Print exactly the lines from the one that contains "Amigurumi Llama Free" through the last line of the material, both included, and leave out all pictures.

Source material:
##############################
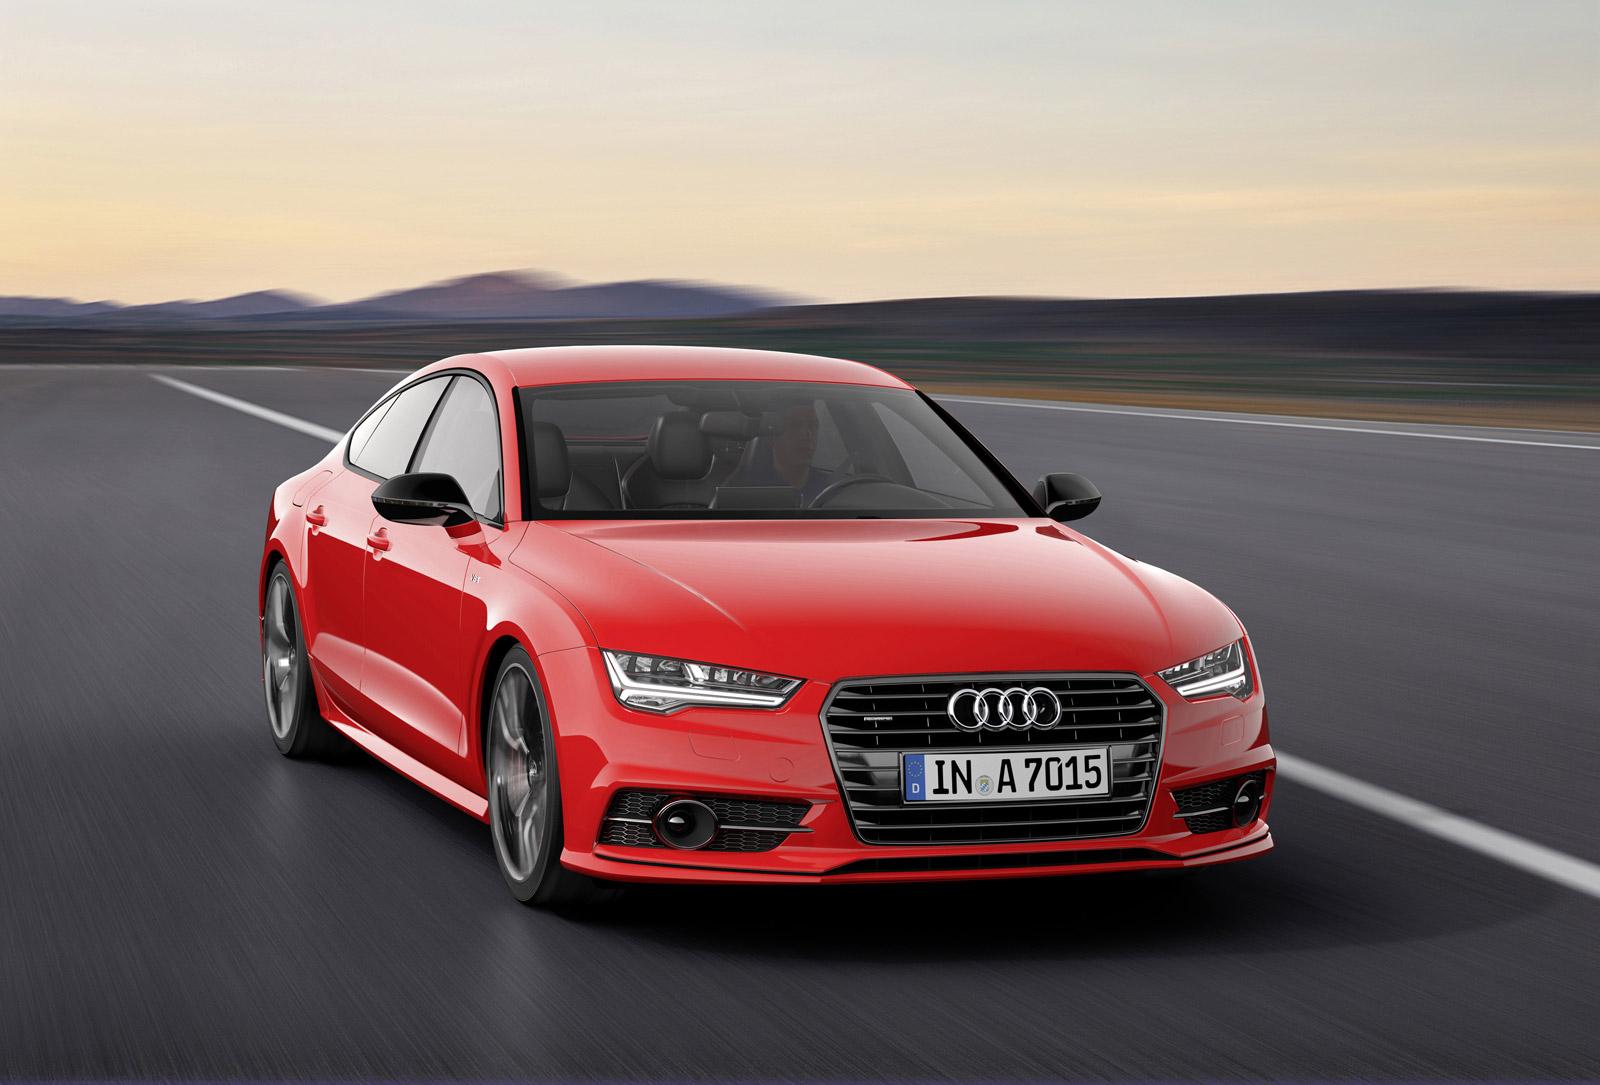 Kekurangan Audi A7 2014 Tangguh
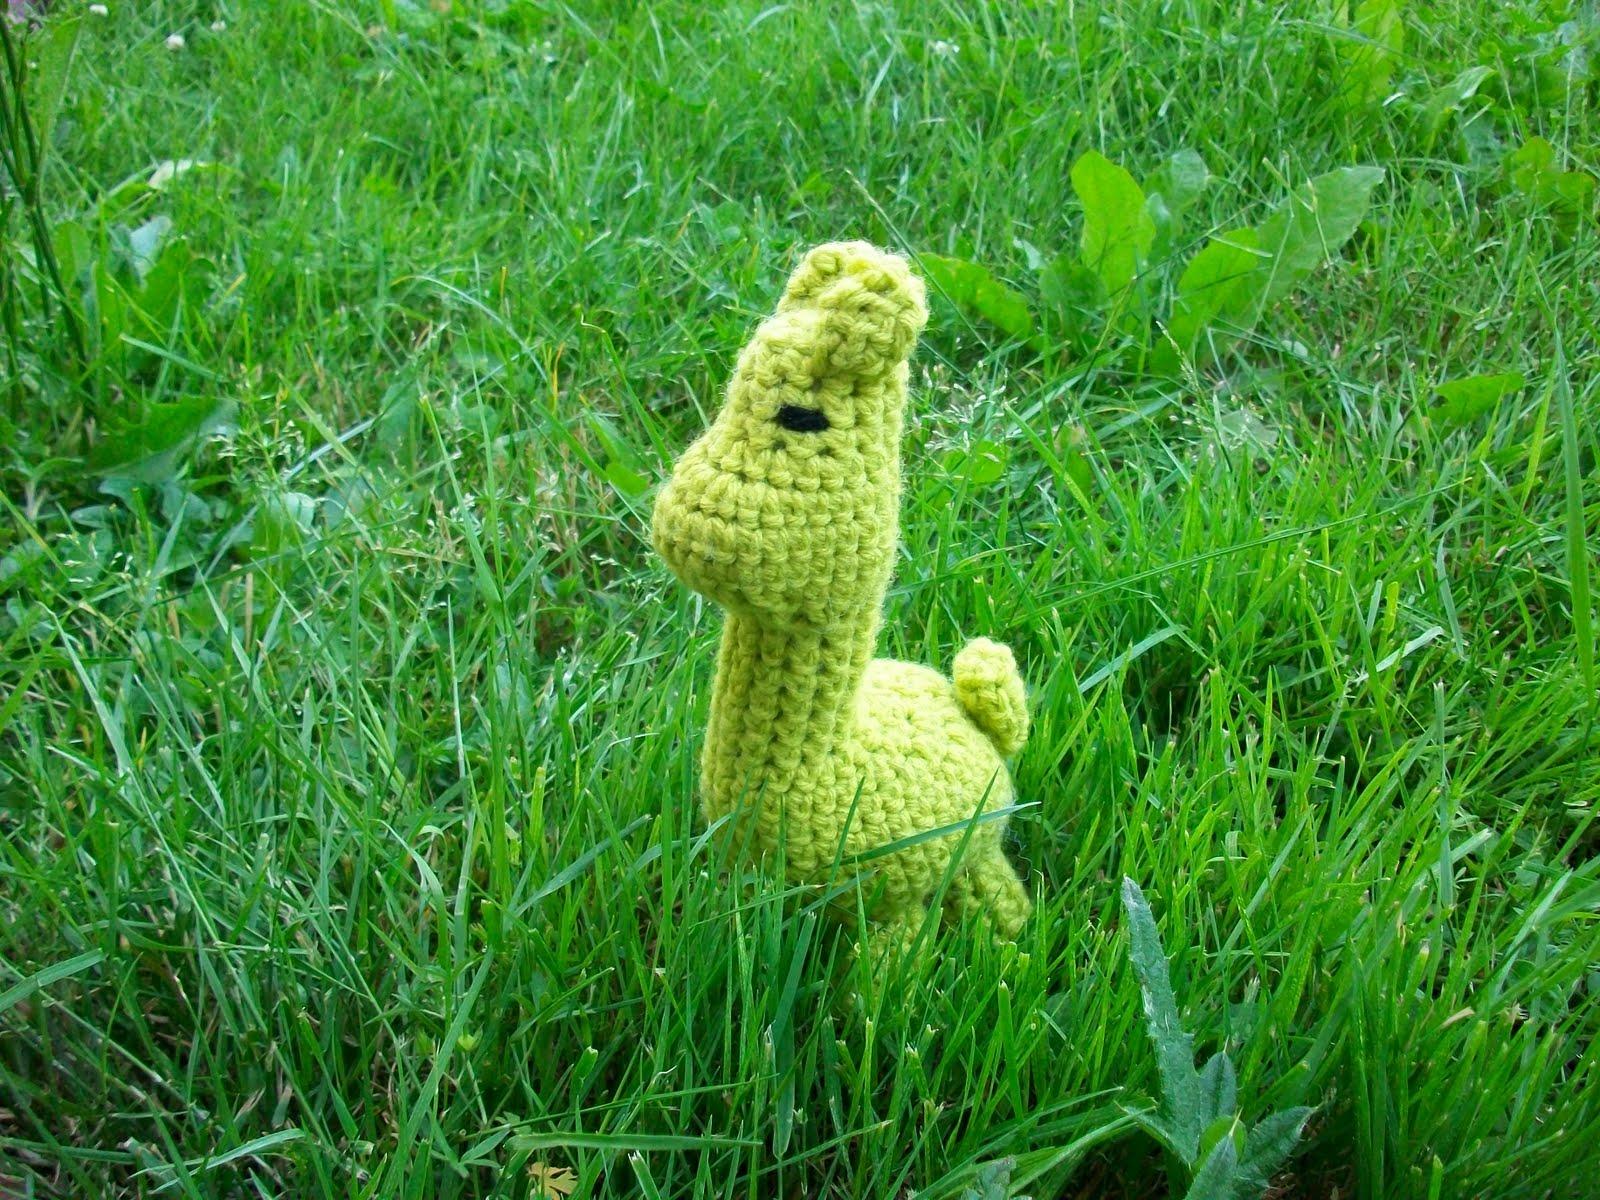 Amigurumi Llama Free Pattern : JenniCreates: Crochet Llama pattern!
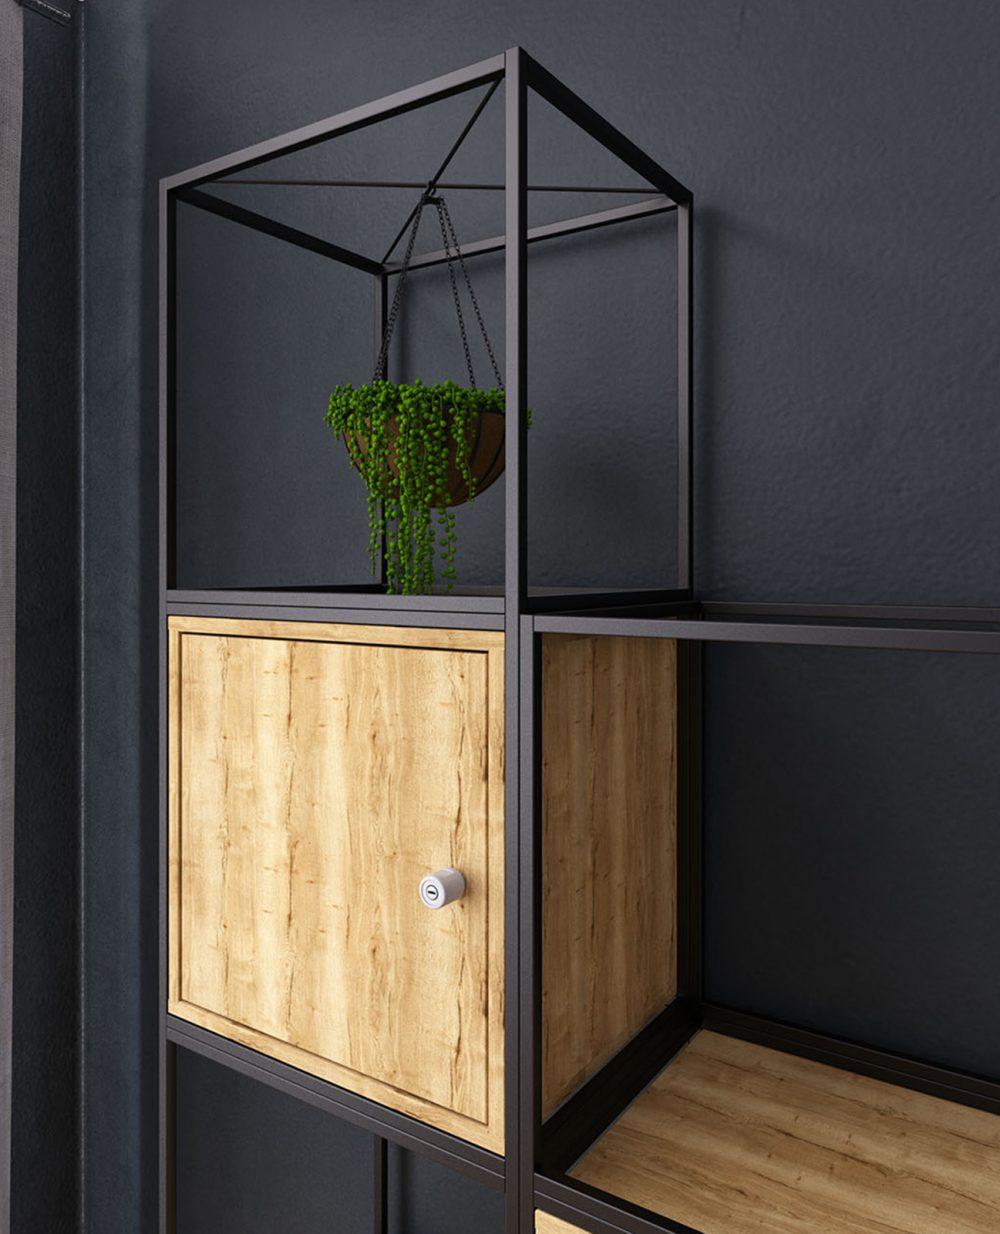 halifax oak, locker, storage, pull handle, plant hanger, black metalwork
##############################
Written response:
 Amigurumi Llama Free Pattern : JenniCreates: Crochet Llama pattern!
 halifax oak, locker, storage, pull handle, plant hanger, black metalwork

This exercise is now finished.